Há quem me leve a sério. Não tenho uma persona artística definida, nem quero ter. Nem teria jeito para trabalhar uma imagem de mim próprio. A única maneira que consigo em ir para o palco é com a roupa que tenho vestida. Às vezes vou para o palco com a chave do carro e o telemóvel. Foi a maneira que encontrei de ir para o palco senão eu entrava em pânico. Deve ser a coisa menos encenada do mundo. Mas não vou trabalhar à volta da minha imagem em torno de uma eventual unanimidade. Isso é impossível.

Falámos das letras. E musicalmente, sente mudanças neste disco?

Inevitavelmente. Apesar de ter a mania de que não me afirmo como cantor, sou obviamente cantor porque sou eu quem as canta. Cantor, músico, produtor, guitarrista, contrabaixista, pianista, autor das músicas e das letras. E tenho vindo a evoluir em cada um deles.

E dessa forma sente mais o peso da responsabilidade?

Gostava de não me preocupar com esses detalhes. Invejo imenso o Zambujo, por exemplo, que não faz a mínima para que estúdio vai, chega lá, canta. E ainda com o táxi a trabalhar, acabado de gravar o disco, vai-se embora. Há coisas que só dá para experimentar na intimidade do lar, então montei um estúdio em casa por causa disso. Gosto mais da abordagem de estar ao meu ritmo, sozinho, sem gente a ver. Faço as coisas da maneira que quero.

No meio disto, há tempo para escrever para outros músicos?

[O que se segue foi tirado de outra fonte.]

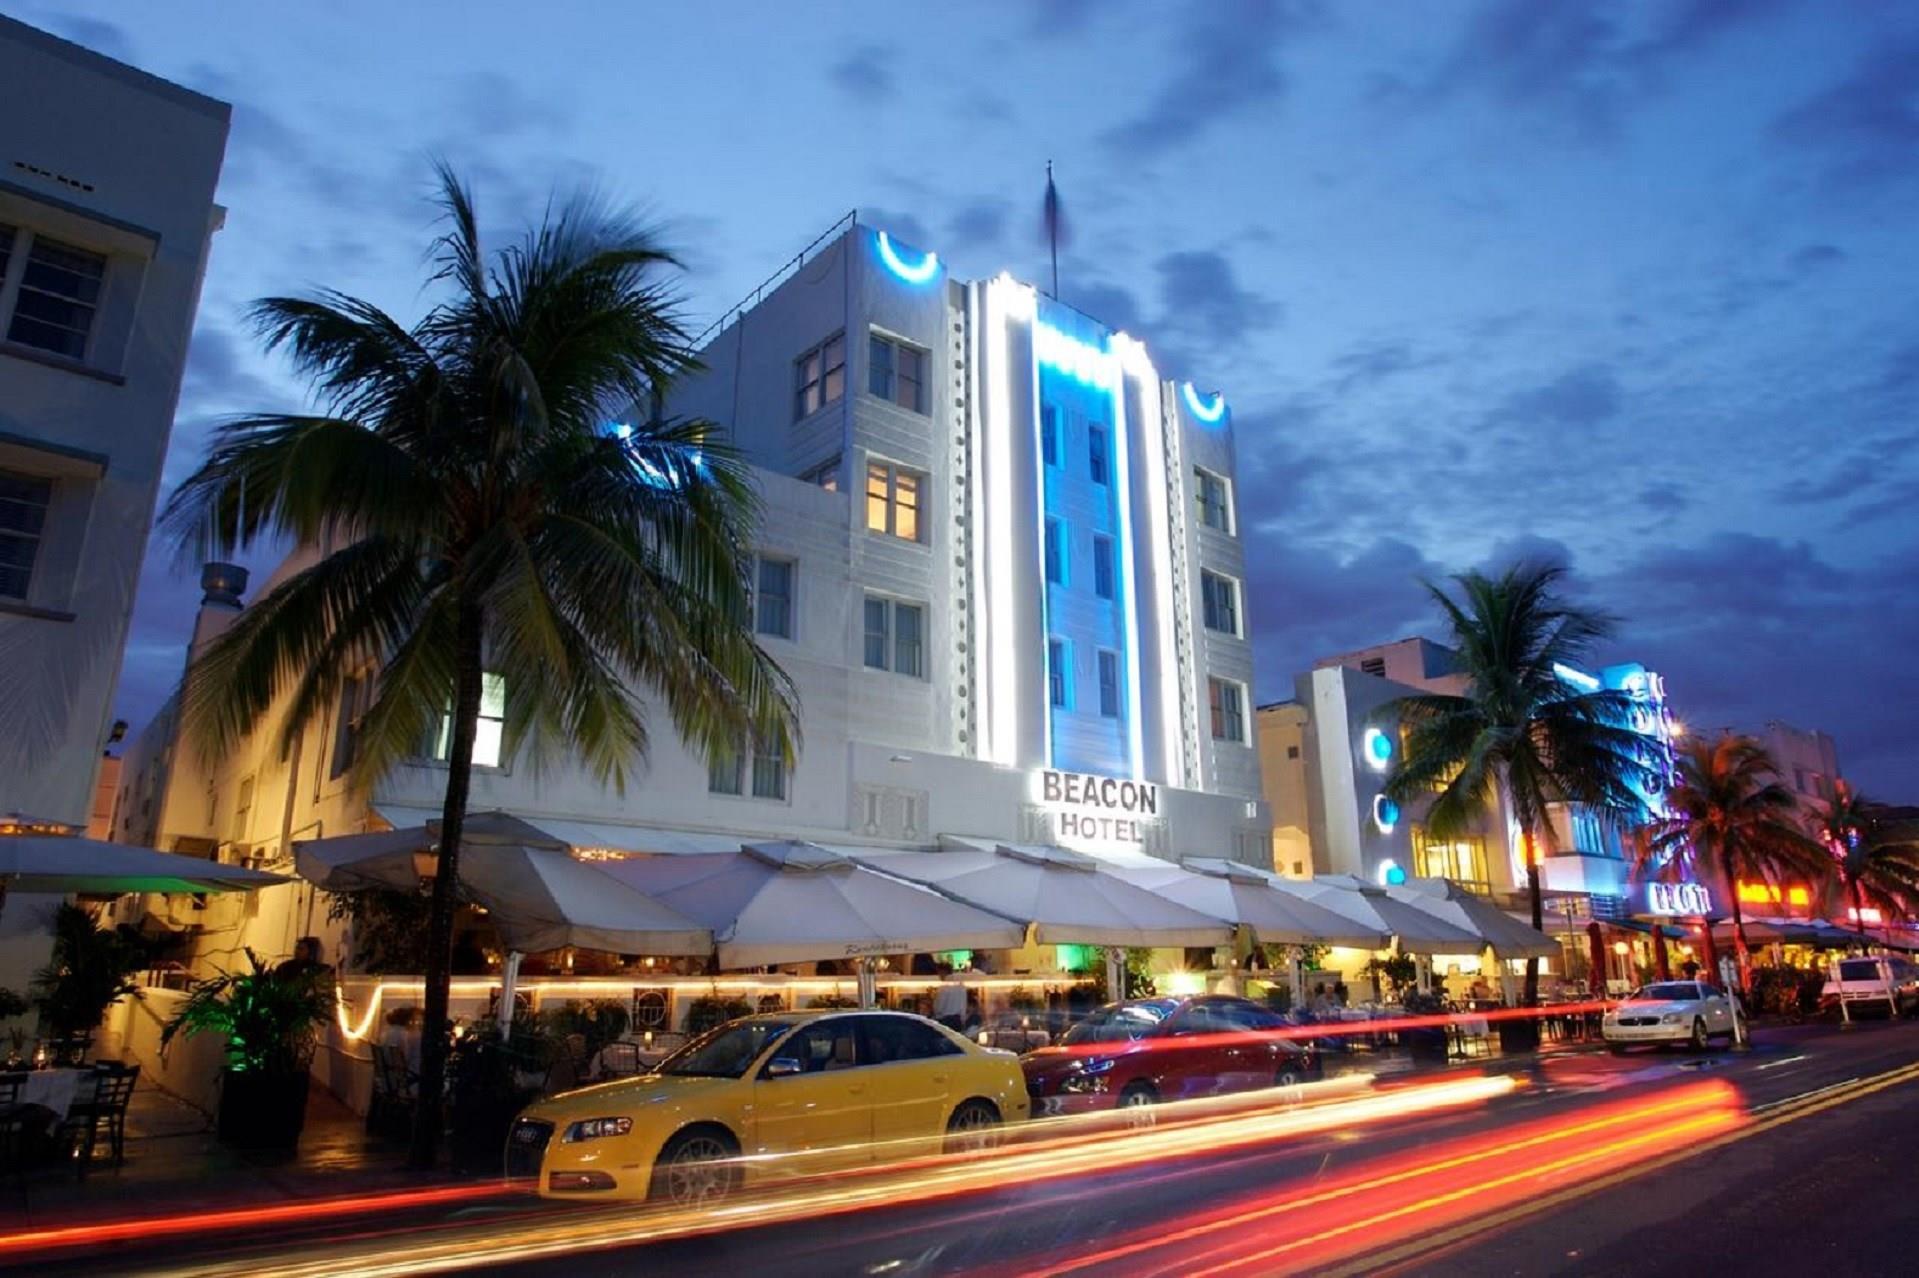 Beacon South Beach Hotel in Miami Beach, FL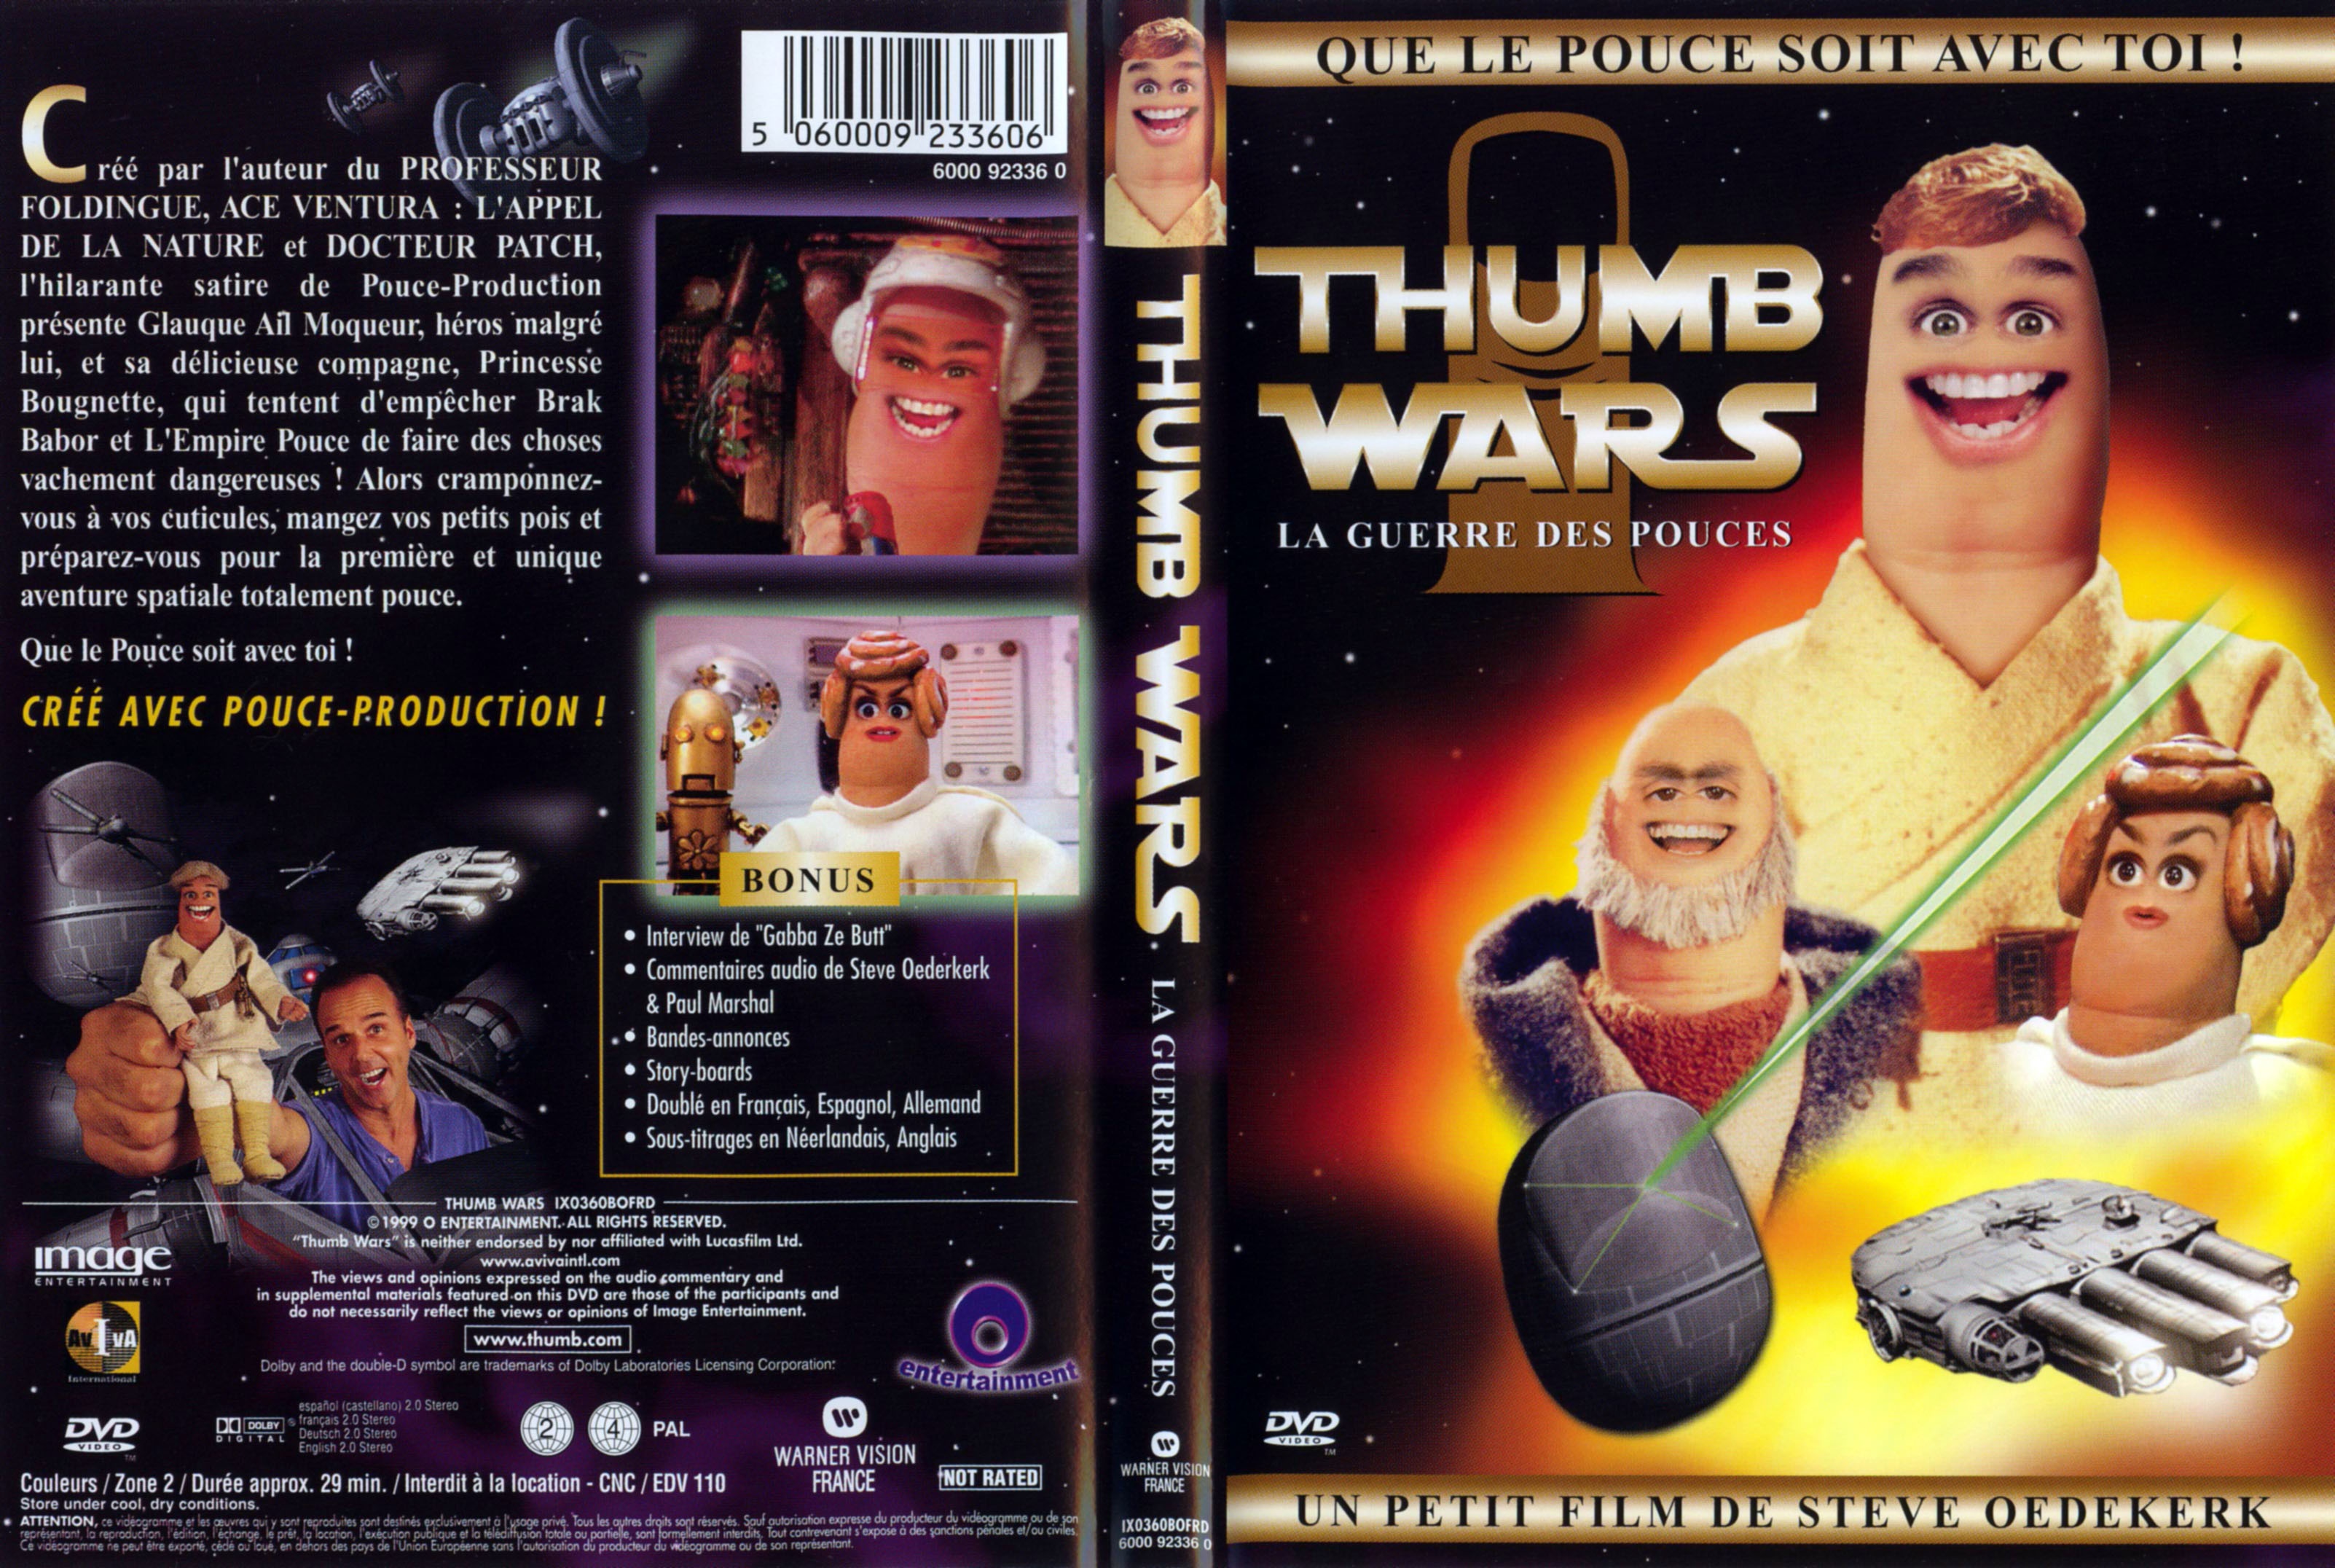 Jaquette DVD Thumb wars la guerre des pouces

Não escrevo propriamente para outros músicos. Já disse em entrevistas que sim, mas é mentira. Estou sempre a fazer músicas; quando alguém me pede vou ver o que tenho e acabo a letra em função à voz. Tenho muita dificuldade em lidar com encomendas concretas. Fiz isso para um filme, A Canção de Lisboa. Arrependi-me e acho que não vou voltar a aceitar. Como é que me posso comprometer com uma coisa que ainda não existe? Tinha de olhar para o guião e depois construir quatro temas.

Toca todos os dias?

Toco, mas não é praticar guitarra. É uma coisa esquisita, mas é assim que as canções aparecem. É um trabalho meio inconsciente. Quando tentei fazer as primeiras letras, aí para aos 15 anos, e durante 10 anos, não consegui fazer nenhuma, porque achava que era um trabalho consciente, uma pessoa sentar-se e agora vou fazer uma música. O processo não é de maneira nenhuma esse. É uma melodia que anda a assobiar-nos na cabeça.